§ INFORMATION SUPPLIED:
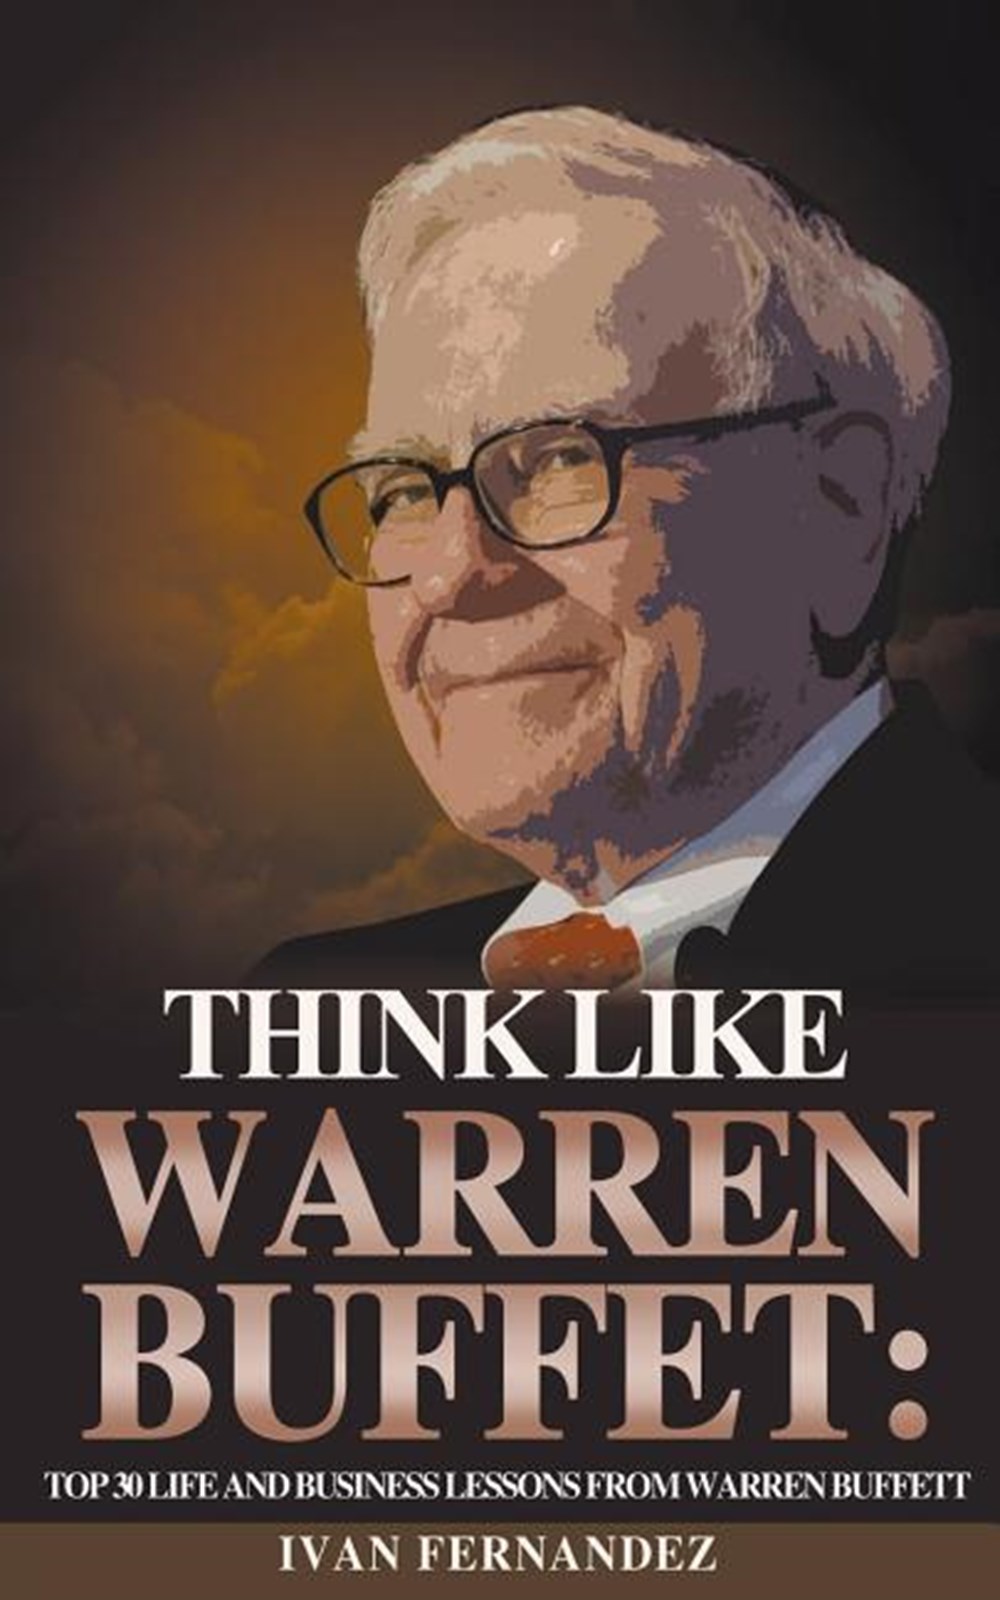 Think Like Warren Buffett Top 30 Life and Business Lessons from Warren Buffett
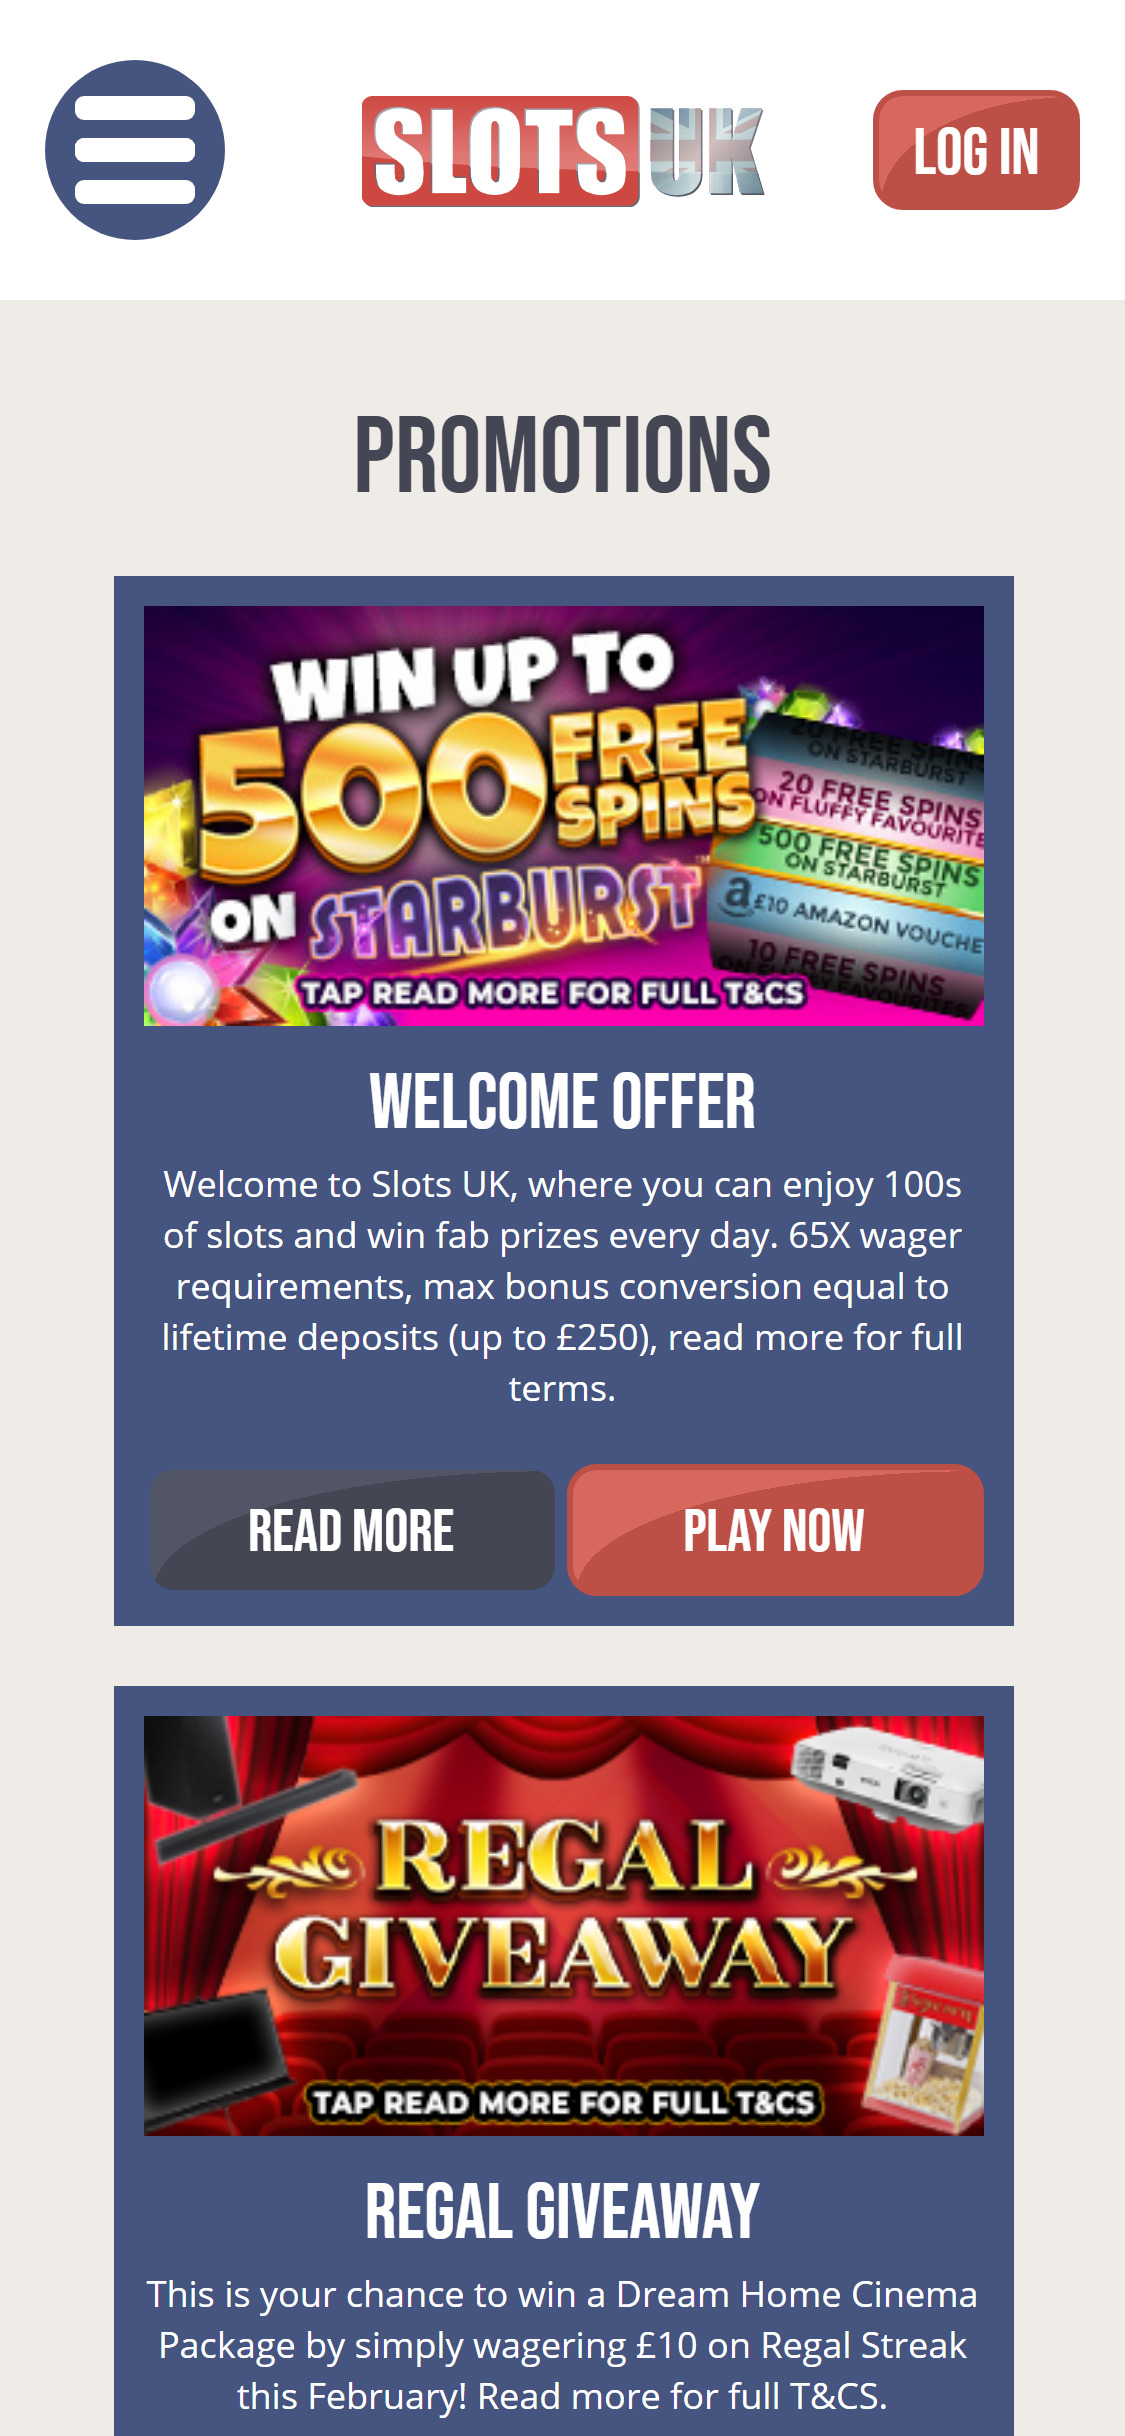 Slots UK Casino Mobile No Deposit Bonus Review
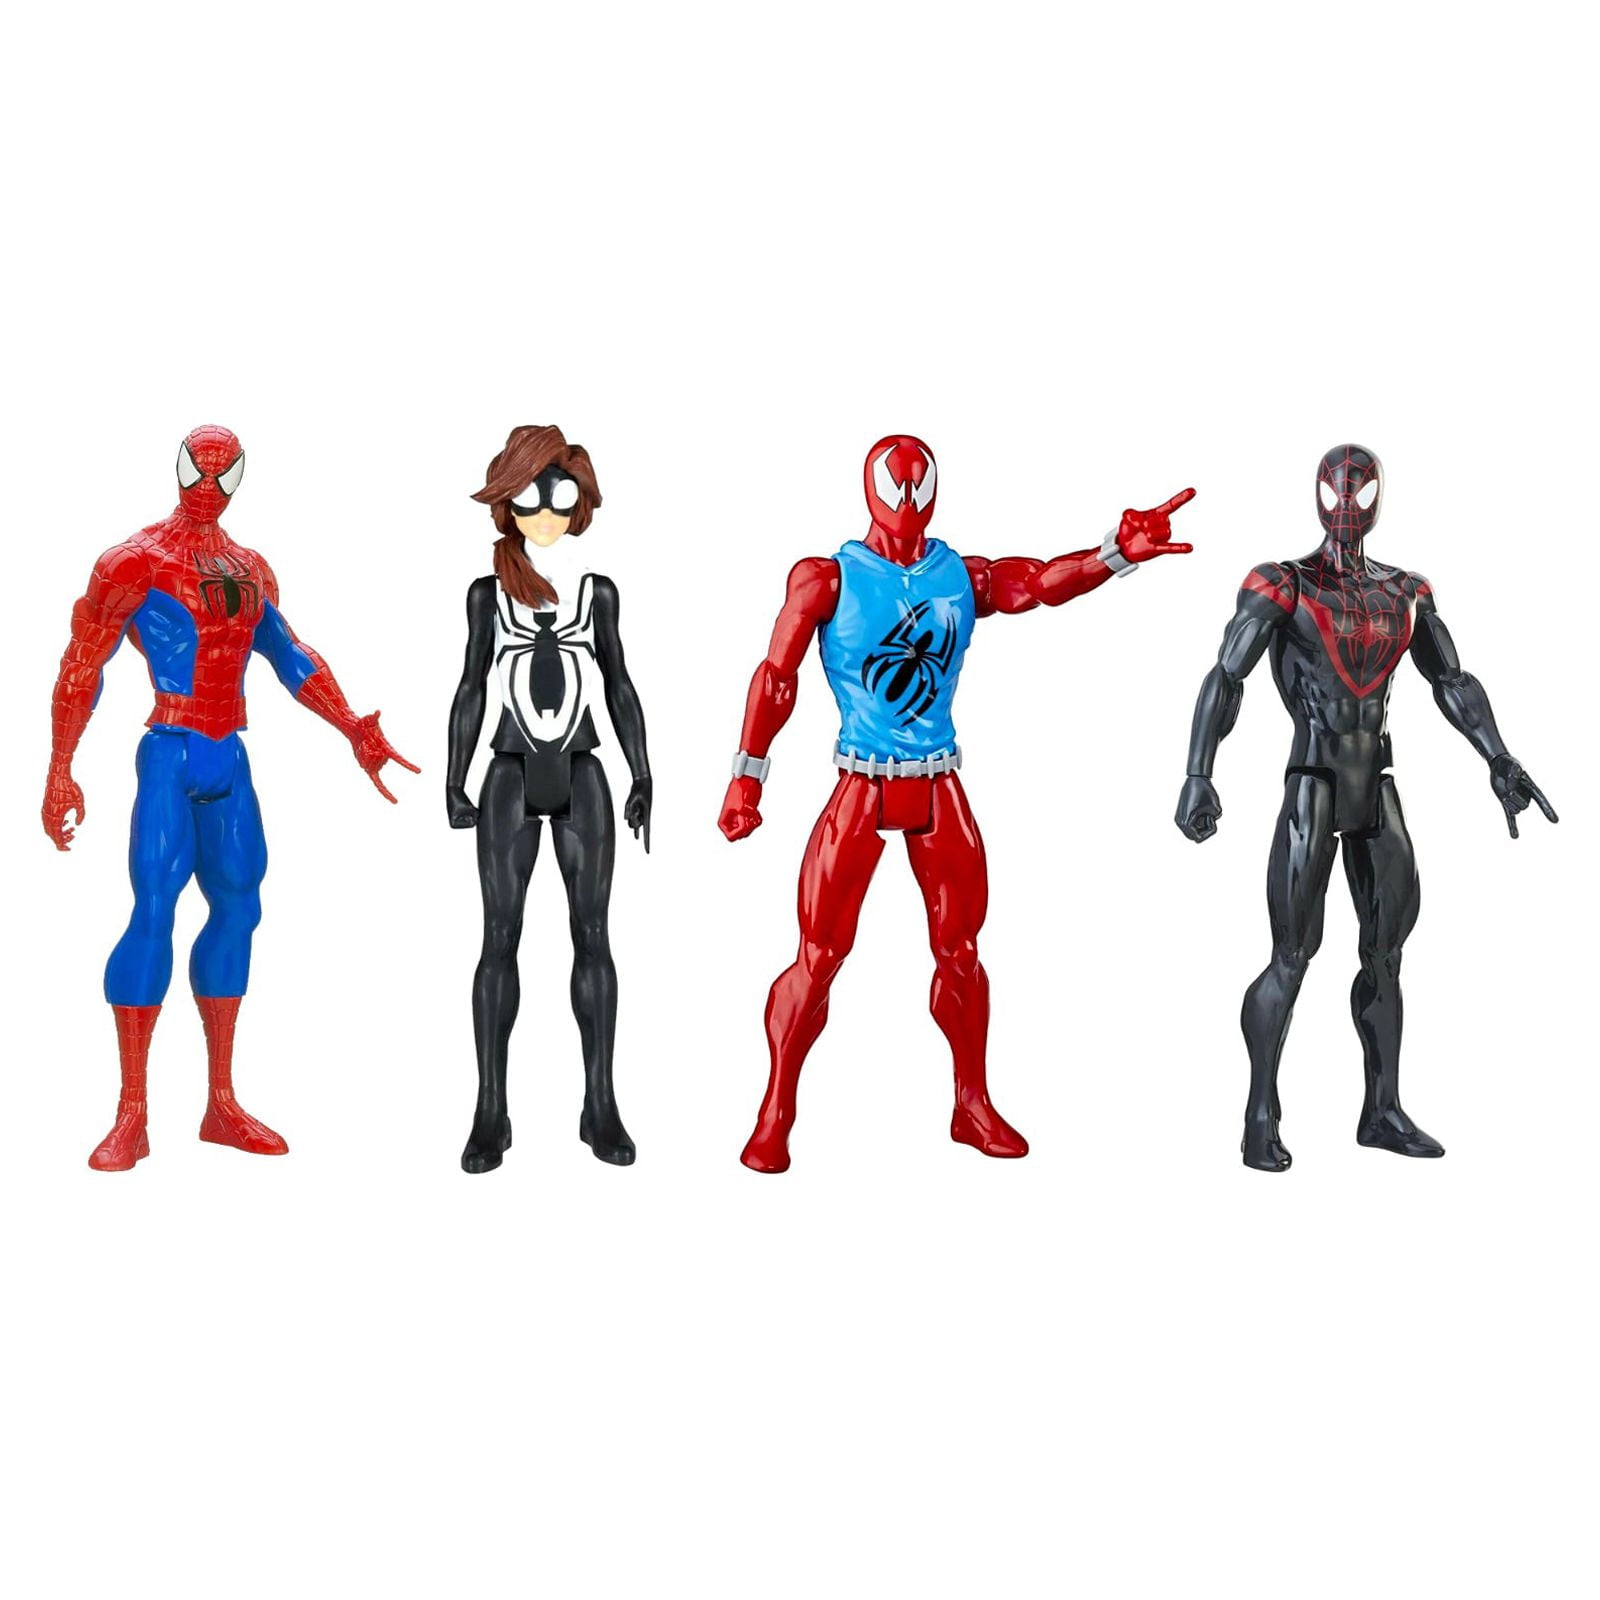 Marvel Avengers Ultimate Protectors Pack, 6 pulgadas, a escala, 8 figuras  de acción con accesorios, juguetes de superhéroe, juguetes para niños y
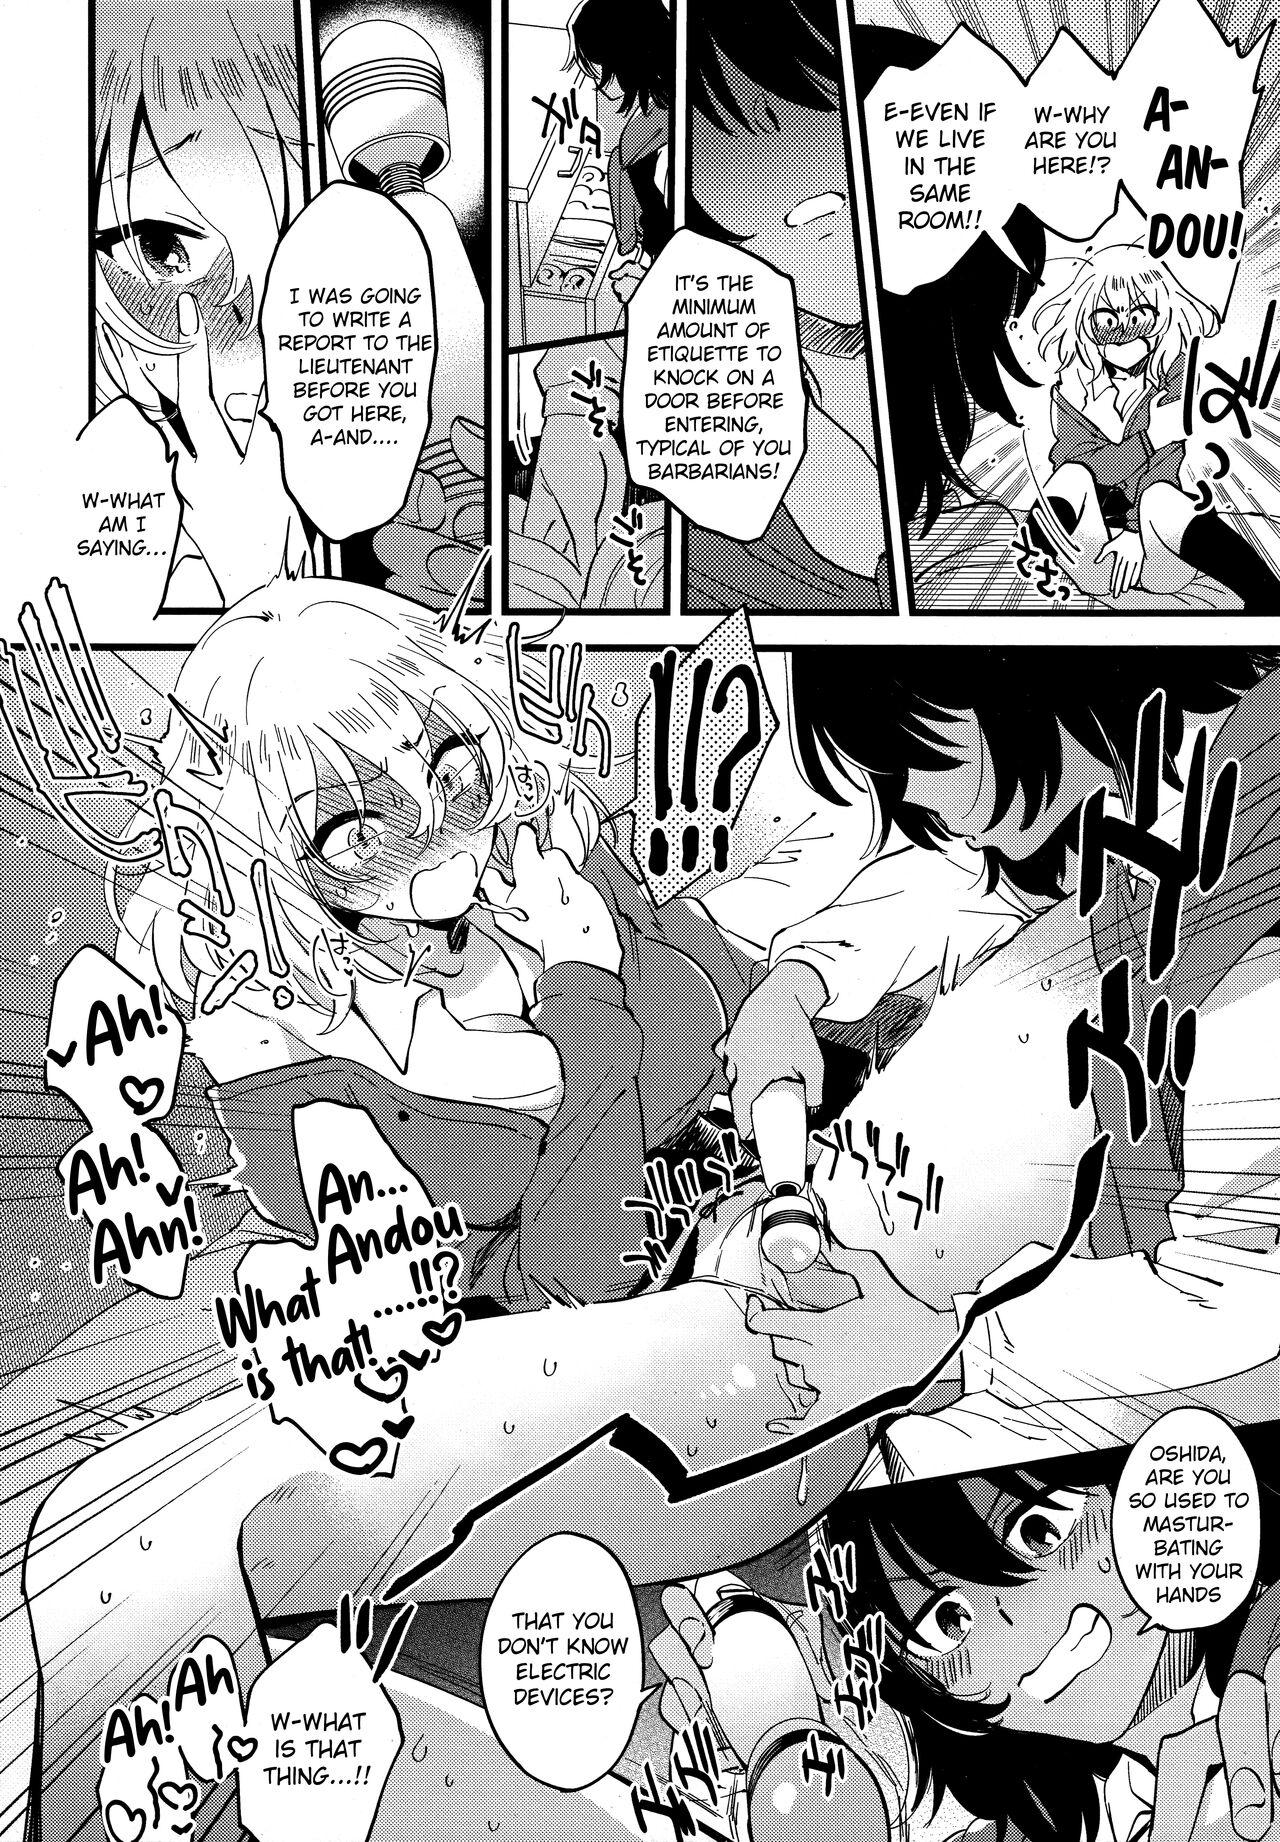 Blowjob Porn AnOshi, Nakayoku! - Girls und panzer Blows - Page 9

§ YOUR INSTRUCTIONS:
Given the listing above, return exactly, and only, the lines from the line with "Marvel Avengers Ultimate" through its final line, both included, with the pictures removed.

§ SOLUTION FOR THIS TASK:
 Marvel Avengers Ultimate Protectors Pack, 6 pulgadas, a escala, 8 figuras  de acción con accesorios, juguetes de superhéroe, juguetes para niños y
 Blowjob Porn AnOshi, Nakayoku! - Girls und panzer Blows - Page 9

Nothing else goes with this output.